Talk:Deep belief networks
This article gives a nice summary of DBNs and their main properties, and these ideas have been sufficiently influential that the inclusion of this article in scholarpedia seems well worthwhile. I think it should be fine to accept this.
However, some suggestions: (1) This article could be dense and difficult to understand to readers not already familiar with DBNs. A figure showing a DBN, and maybe a separate figure explaining the greedy layerwise training process, might help. This would also make clearer the sense in which DBNs are graphical models. (2) If I were writing this, I would have said more about applications of DBNs. To keep the total amount of space constant, the text on "DBNs and other types of variable" can be reduced.
Very nice contribution. I think it is a little compact. I agree with the above comments that a figure could be helpful. I would not remove any text because the contribution is very short as is. I would definitely expand on the core of the algorithm. The explanation:
"After learning W, we keep p(v|h,W) but we replace p(h|W) by a better model of the aggregated posterior distribution over hidden vectors – i.e. the non-factorial distribution produced by averaging the factorial posterior distributions produced by the individual data vectors. The better model is learned by treating the hidden activity vectors produced from the training data as the training data for the next learning module."
is really somewhat cryptic to the uninitiated. Perhaps Yee Whye Teh's explanation during the NIPS workshop on deep learning in terms of unrolling a Markov chain could be very useful here.
This is an excellent, timely, and necessary contribution to Scholarpedia. I would certainly not shorten it, and I agree with the comments from the second review in this respect, i.e., I would try to clarify concepts for the uninitiated. I am not sure that Yee Whye Teh's unfolding of a Markov chain is the most pedagogical route, though. Having both explanations would be nice, but if I had to choose, I would prefer the approach currently presented. I would just expand a bit the presentation of the argument to help the non-expert.
One thing I would really like to see added is a motivational section explaining why a deep architecture is interesting, from the representational point of view. If I were to write it I would talk about the inspiration from the brain, about the fact that humans tend to explain and understand through multiple levels of concepts and representation, and also about the theoretical results suggesting that whereas a 2-level architecture can represent anything, it might need an exponential capacity where a deeper architecture would not need one (see my paper on 'Learning Deep Architectures for AI', to appear in Foundations & Trends in Machine Learning).

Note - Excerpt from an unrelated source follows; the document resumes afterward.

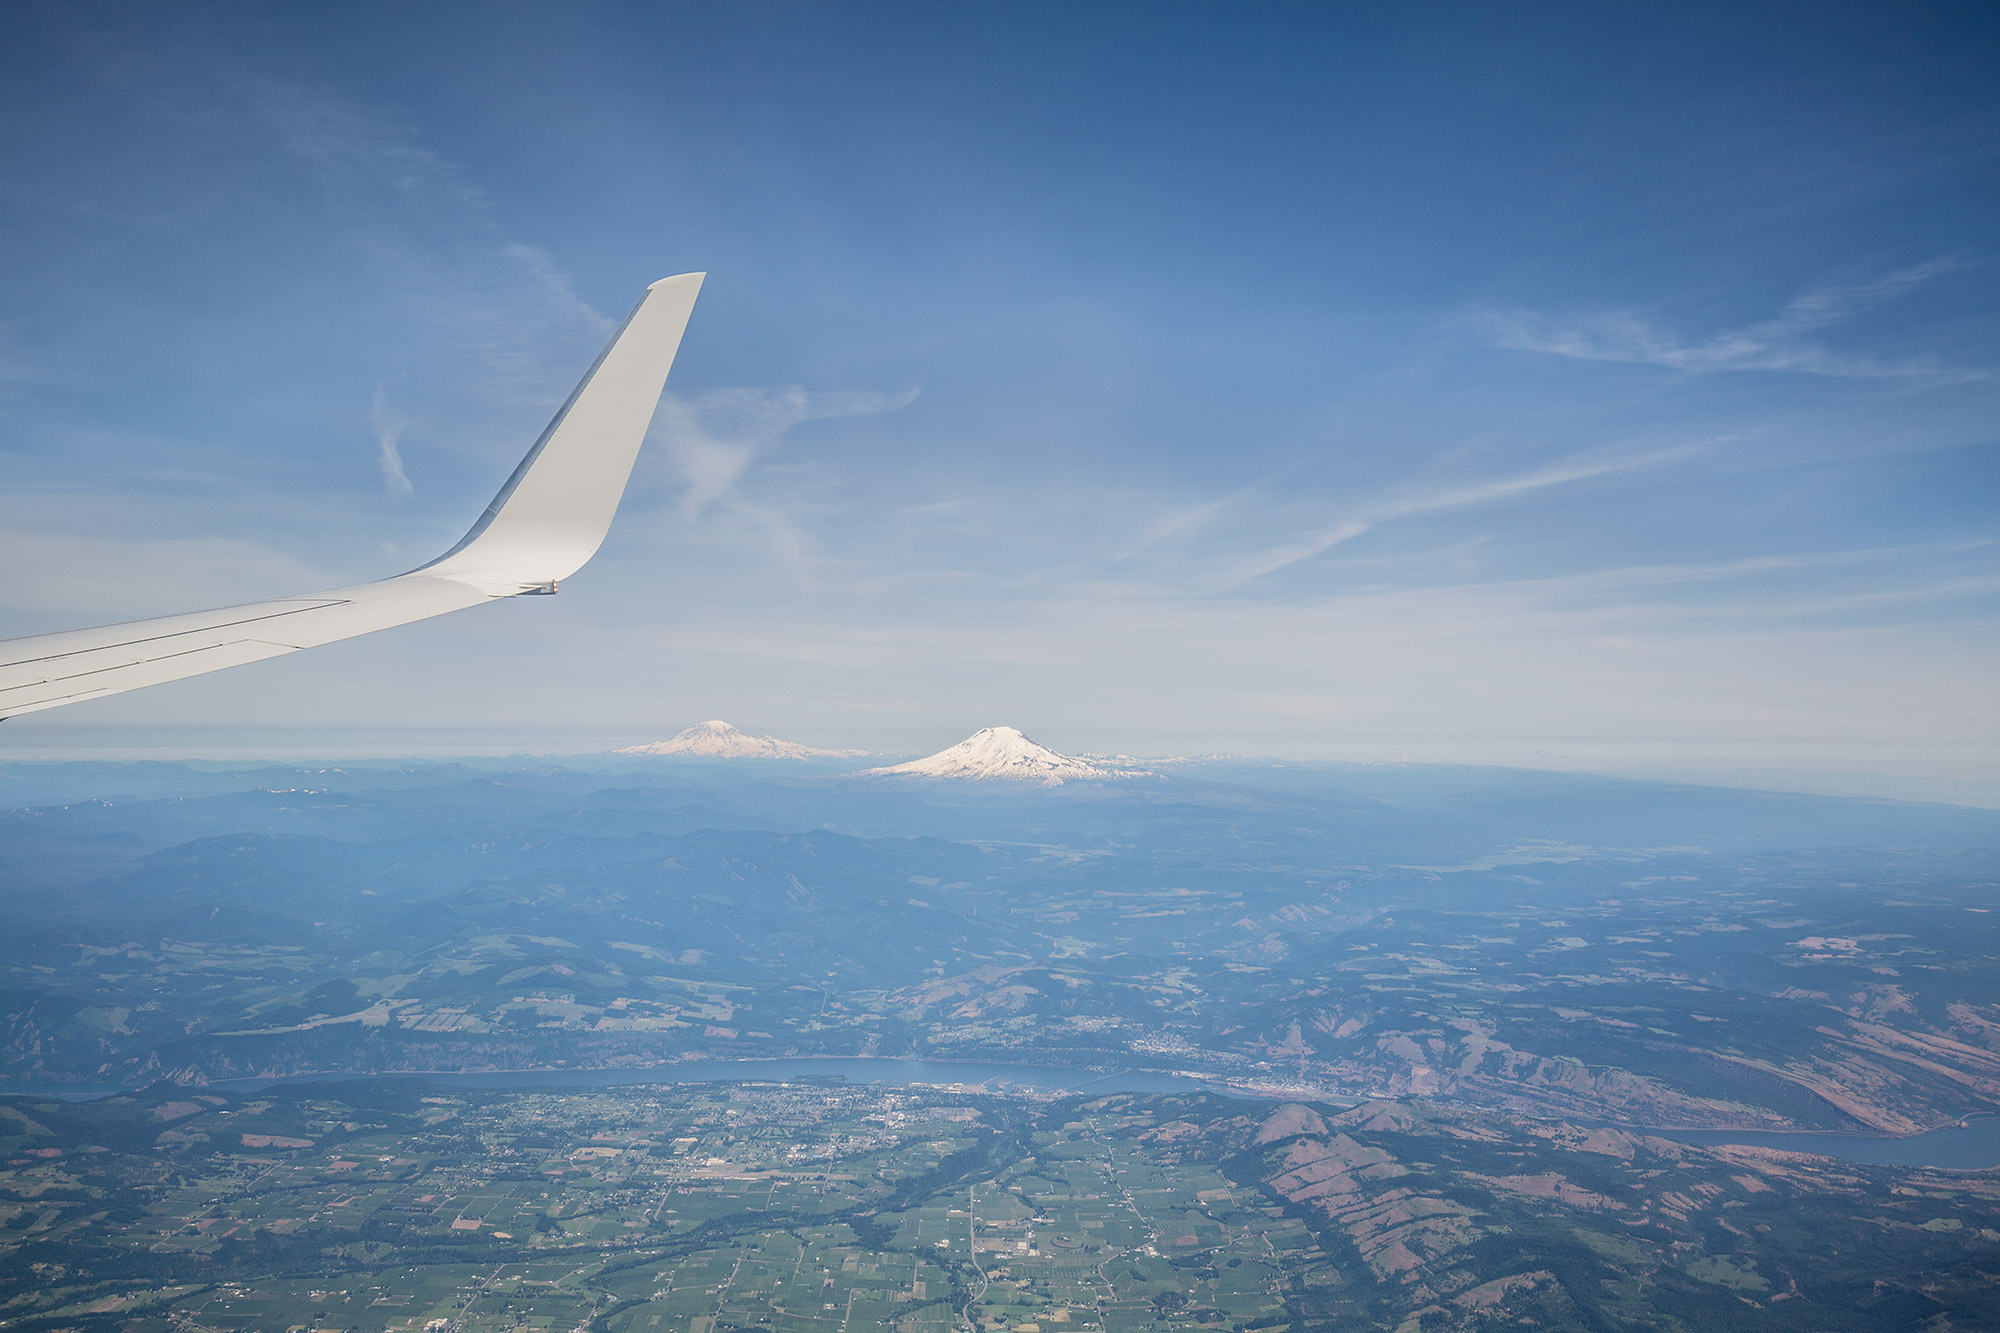 Mt Adams and Mt Saint Helens from an airline flying nearby

Connected to this motivation is the importance of hidden variables in graphical models, when there is not enough prior knowledge to fully specify the semantics of all random variables involved in a parametric model (i.e., introducing generic hidden variables brings in a lot of modeling flexibility, and becomes even non-parametric when the number of hidden variables can be controlled).
Regarding the piece on auto-encoders, I would mention the denoising auto-encoders (Vincent et al, ICML'2008). They come with a bound on the log-likelihood of a generative model, and like RBMs they put more emphasis on representing the information in the input that is predictable from one part of the input given another part. They also generalize substantially better than ordinary auto-encoders. Finally, it might be worth mentionning that there are intimate connections between auto-encoders and RBMs trained by CD-1 (Bengio and Delalleau, Neural Computation 2009, "Justifying and Generalizing Contrastive Divergence").